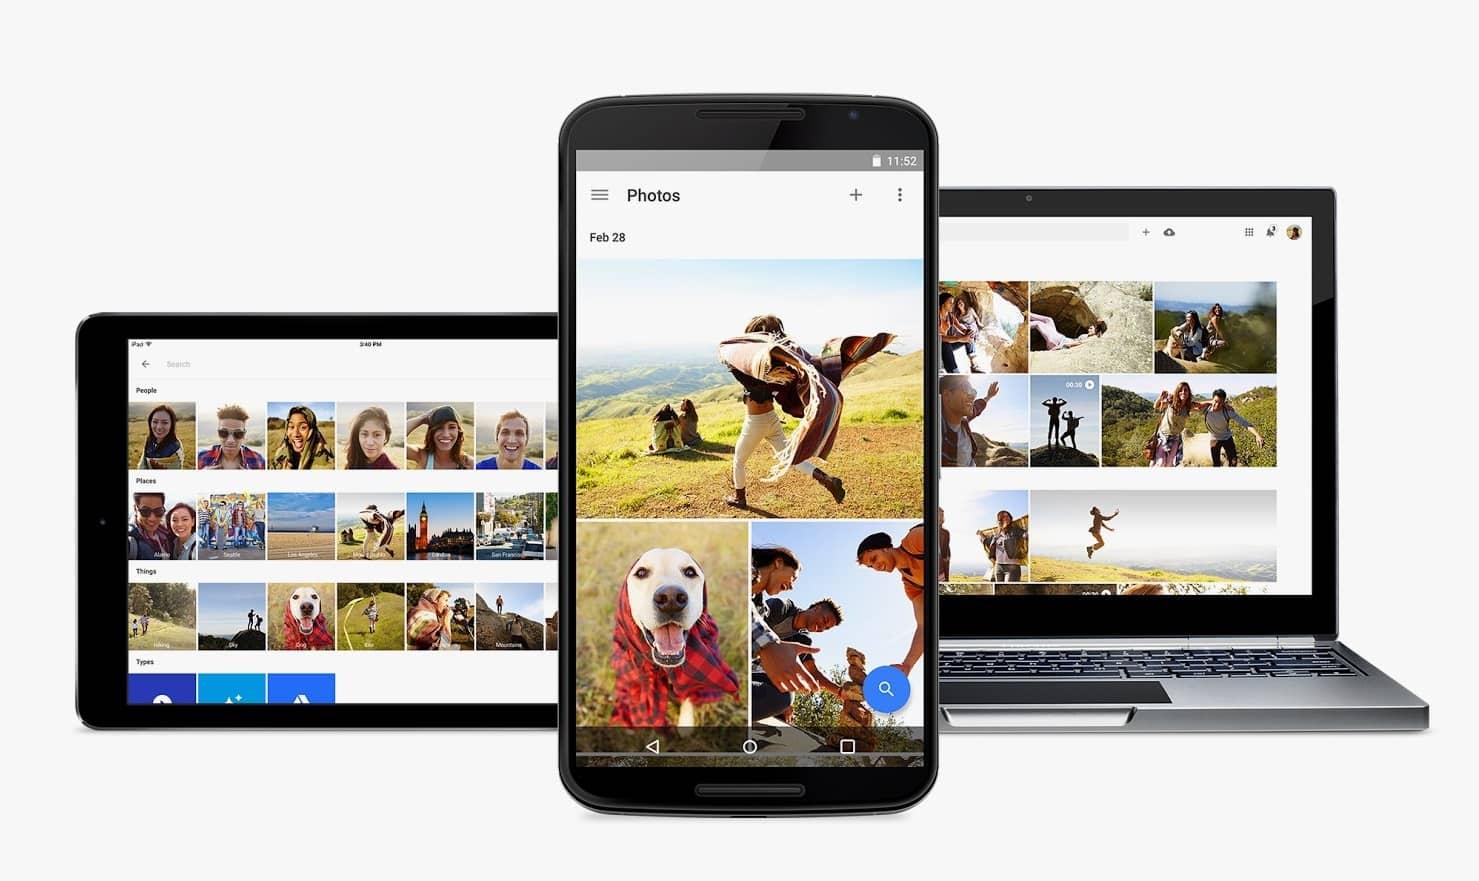 çeşitli cihazlarda google fotoğrafları
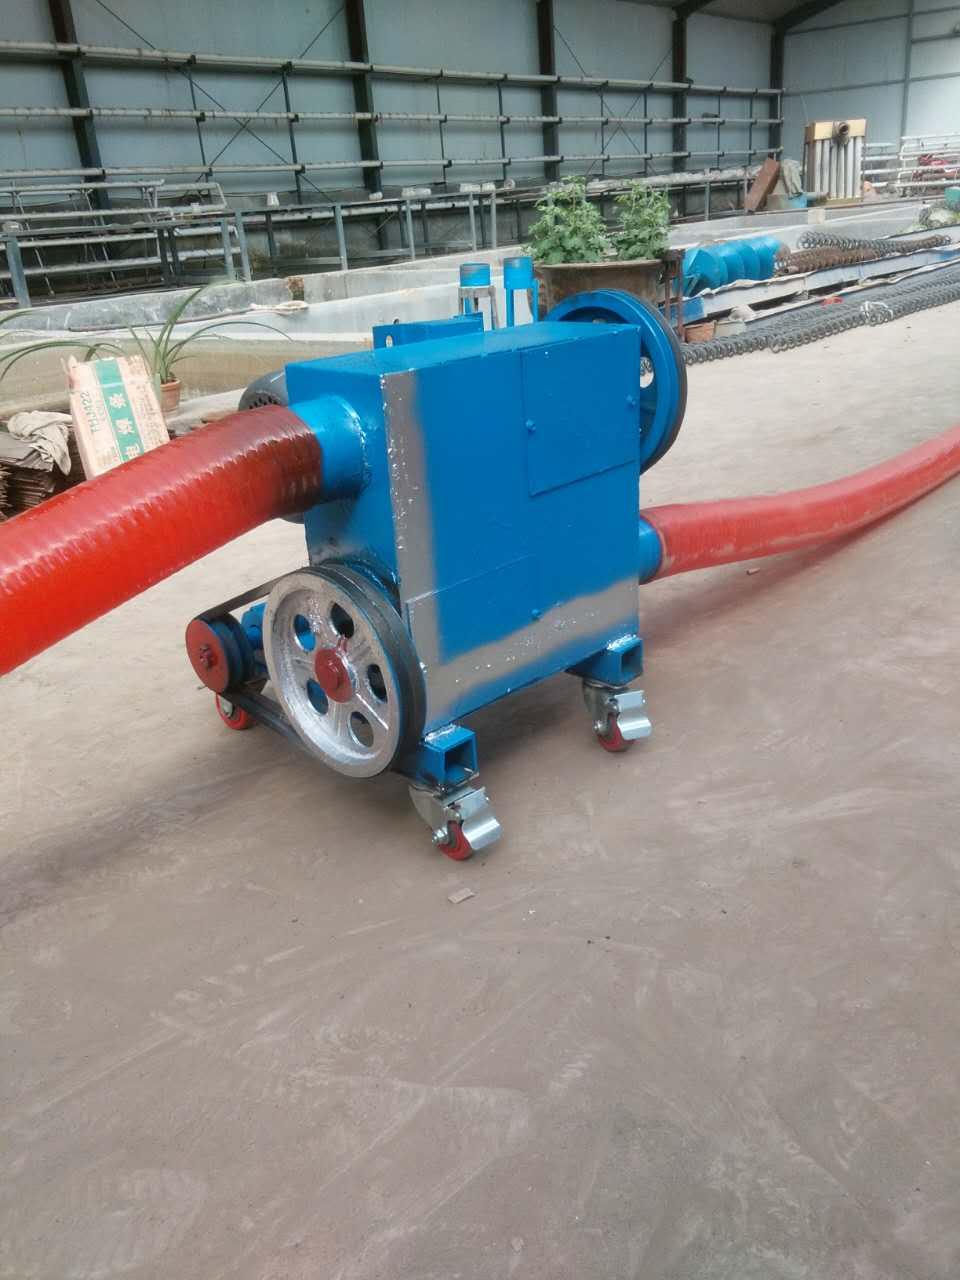 氢气集装格最新价格,氢气集装格供应商,氢气集装格型... _亿商搜
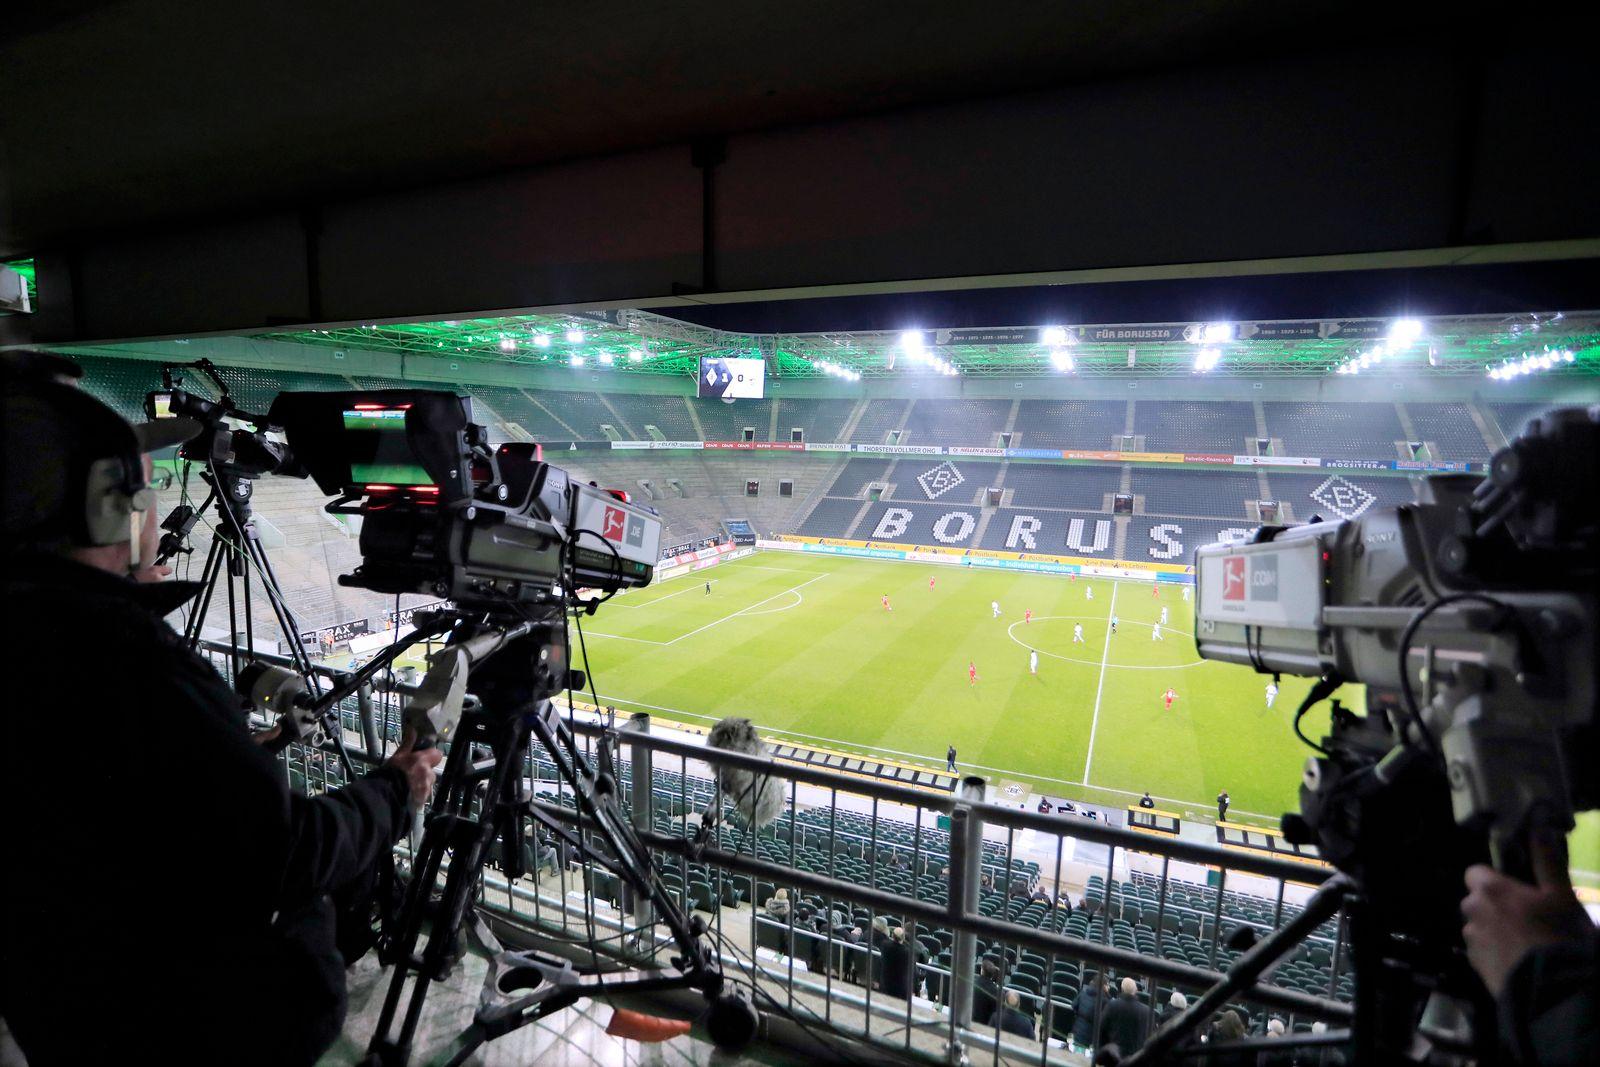 GEISTERSPIEL ohne Zuschauer DFL Fussball Bundesliga Saison 2019 - 2020 Spiel Borussia Moenchengladbach - 1. FC Koeln am1

*GOAL OF THE EXERCISE*: Restate the data above word for word, so that the only difference is the missing pictures.

*WRITTEN SOLUTION*:
 çeşitli cihazlarda google fotoğrafları
 氢气集装格最新价格,氢气集装格供应商,氢气集装格型... _亿商搜
 GEISTERSPIEL ohne Zuschauer DFL Fussball Bundesliga Saison 2019 - 2020 Spiel Borussia Moenchengladbach - 1. FC Koeln am1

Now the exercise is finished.